SONUÇ VE DEĞERLENDİRME
- Kur’an kursları, örgün eğitim çağındaki çocuklar için yaz tatillerinde düzenlenir. Söz konusu kurslar, örgün eğitime seçenek olarak sunulamaz. Tunceli’deki uygulamayla, örgün eğitim hakkı yok sayılmıştır.
- Önceliği Kur’an öğretimi olmayan kurslar, çocuklar üzerinden, Alevilerin yaşam tarzına ve kültürel değerlerine müdahale aracına dönüştürülmüştür.
- Tunceli’den 1983-1985 yıllarında il dışındaki kurslara gönderilen öğrencilerin çoğunun örgün eğitim yaşamı sona erdirilmiştir.
- Yurdun dört bir yanına bin dolayında öğrencinin gönderilmesi, uygulamanın Ankara merkezli olduğunu düşündürmektedir.
- Anayasal hakkın gaspı olarak nitelendirilen uygulamayla, Anayasa güvencesi altındaki örgün eğitim hakkının kamu müdahalesiyle engellendiği değerlendirilmektedir.
- Anayasal hakkın gaspından, dönemin kamu yöneticileri (Vali, Millî Eğitim Müdürü, Kaymakam) ile siyasi iktidarın sorumlu olduğu belirtilmektedir. Başbakan Halil Turgut Özal (1927-1993) ile 7. Cumhurbaşkanı Ahmet Kenan Evren’in (1917-2015) bilgi ve onayı olmaksızın böyle bir uygulamaya gidilmesinin mümkün olmadığı öne sürülmektedir.
- Uygulamanın, Türkiye’nin okur yazarlık oranı en yüksek, aydınlık bir kentini kamu yöneticilerinin baskı ve zoruyla karanlığa sürükleme çabası olduğu ifade edilmektedir. Kentin akademik ve sosyal başarısının kurslardan olumsuz yönde etkilenmesi, bu düşünceyi doğrulmaktadır.
- Zorunlu eğitim çağındaki çocukların, örgün eğitim kurumlarından alınarak, eğitim çağı dışına çıkmış ülke nüfusu için planlanan yaygın eğitime mecbur edilmesinin insan haklarına aykırı olduğu dile getirilmektedir.
- Cenaze namazı kıldıracak hoca yoktu, iddiasıyla, bine yakın çocuğun laik eğitim sisteminden koparılarak, toplumun değer yargılarıyla çatışmaya zorlandığı savunulmaktadır.
- İmamlık yapması mümkün olmayan kız çocuklarının cenaze namazı kıldıracak hoca ‘projesi’ne dâhil edilmesiyle, Alevilerin, ortaçağ üzerinden ‘ıslah’ edilmesi amaçlanmıştır.
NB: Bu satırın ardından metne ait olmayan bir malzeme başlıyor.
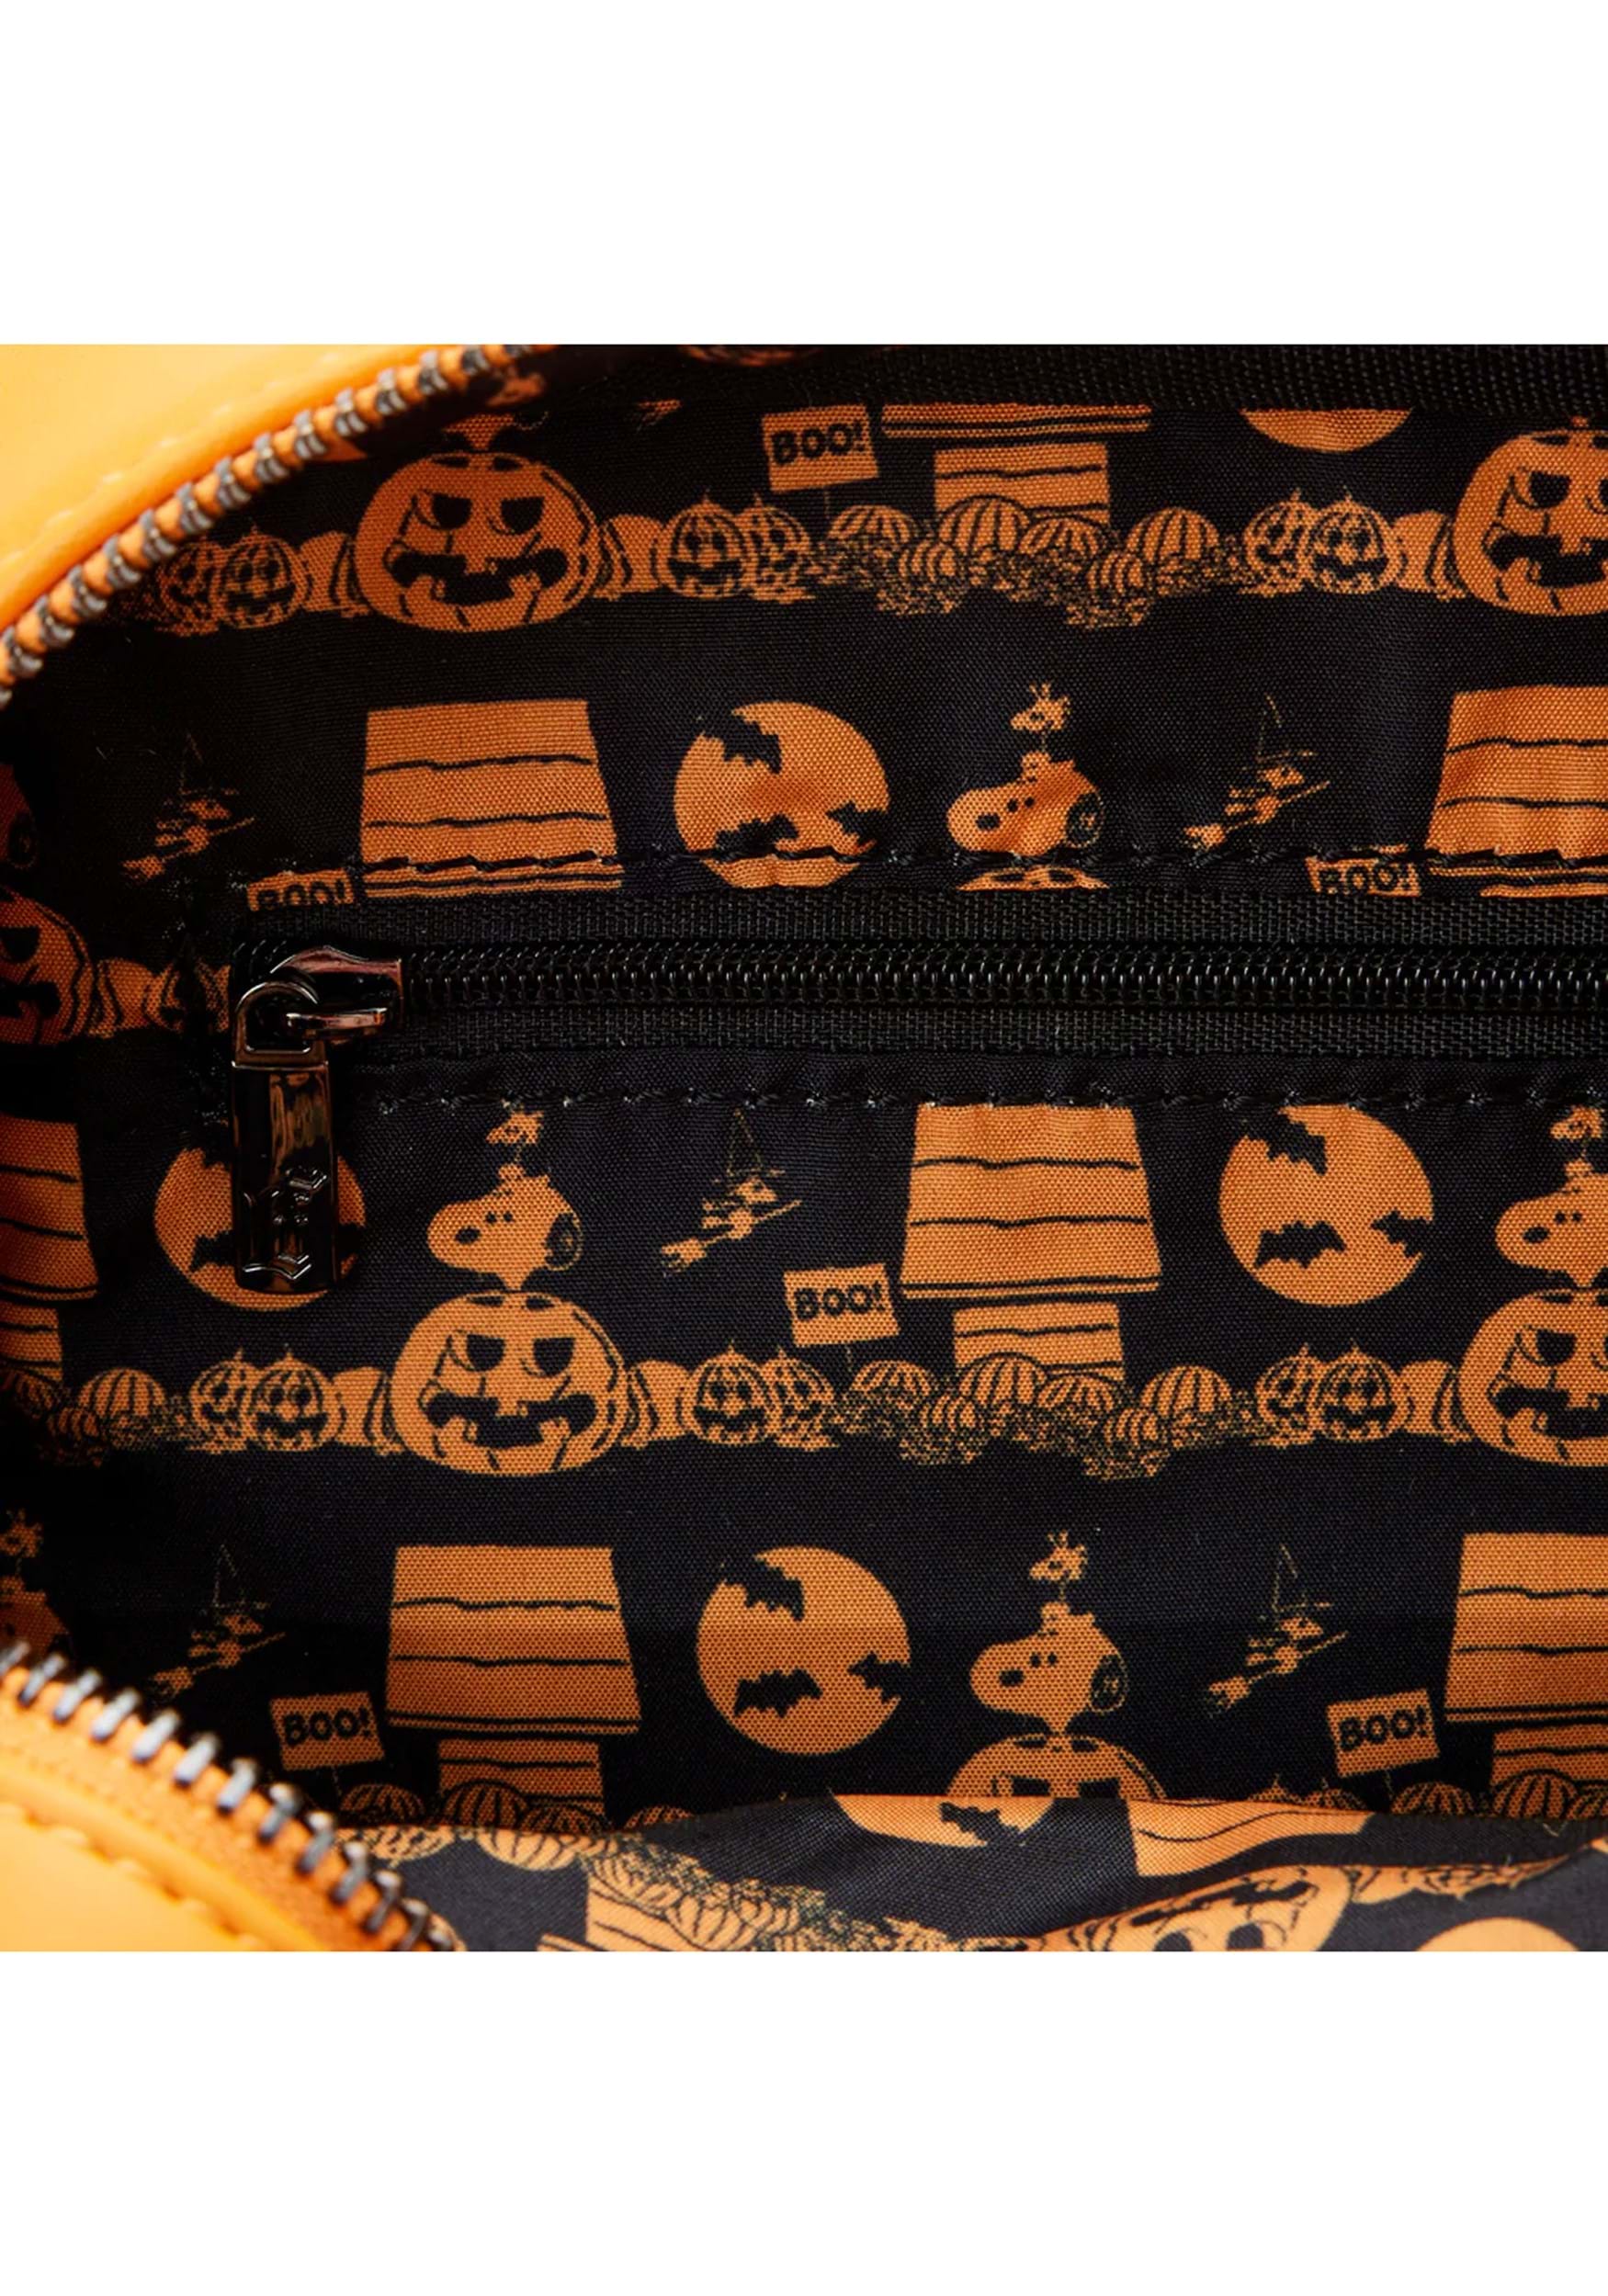 Peanuts Great Pumpkin Snoopy Mini Backpack

- Yaklaşık üç yıl süren ‘cenaze hocası projesi’, fiyaskoyla sonuçlanmıştır. Pülümürlü öğrencilerden, Bursa Gemlik Cem Evinde görev yapan Cemal Yıldırım dışında, kimsenin hoca olmadığı gözlenmektedir.
- Her ilçesinde parasız yatılı eğitim olanağı (YİBO) olan bir kentte, yoksulluğun, il dışındaki ‘parasız’ kurslara öğrenci gönderme gerekçesi olarak sunulması, akıl ve mantıkla çelişmektedir.
- Kurslara öğrenci gönderilmesinde, 12 Eylül’ün yarattığı korku ikliminin belirleyici olduğu görülmektedir. Darbe hukukundan kuvvet alan kamu yöneticileri, bölge insanının inançlarına, değer yargılarına, laik yaşam tarzına ortaçağa yaslanarak meydan okumuştur.
- Amerikancı 12 Eylül Darbesi, Türkiye’nin dört bir yanındaki kurslar aracılığıyla toplum mühendisliğine soyunmuştur. Laik eğitim kurumlarından esirgenen yurt, donatım, bütçe vb. olanakların, tarikatların denetimindeki ‘eğitim’ kurumlarına sunulması, eğitimdeki yozlaşma ve başarısızlığın nedenlerine ışık tutmaktadır.
- Uygulama, devlete meydan okuyan, kanlı darbe girişiminde bulunan FETÖ vd. terör örgütlerinin gelişmesine elverişli koşulların nasıl yaratıldığını özetlemektedir.
(Erzincan Çağlayan, 23 Şubat 2021)
Kaynakça:
http://www.radikal.com.tr/turkiye/kurslar-umut-olmustu-1105703/ Erişim: 23.01.2021.
Katkıda Bulunanlar:
Çalışmaya katkı sunan Sayın Ali Yıldız‘a, Sayın Cemal Yıldırım‘a, Sayın Hasan Arslan‘a, Sayın Hüseyin Çınar‘a, Sayın Kazım Yıldız‘a, Sayın Mehmet Galik’e, Sayın Mehmet Özdemir’e, Sayın Murat Güler‘e, Sayın Musai Kazım Düzgün’e, Sayın Mustafa Şahin’e ve Sayın Zeynel Fırat’a candan teşekkür ederim.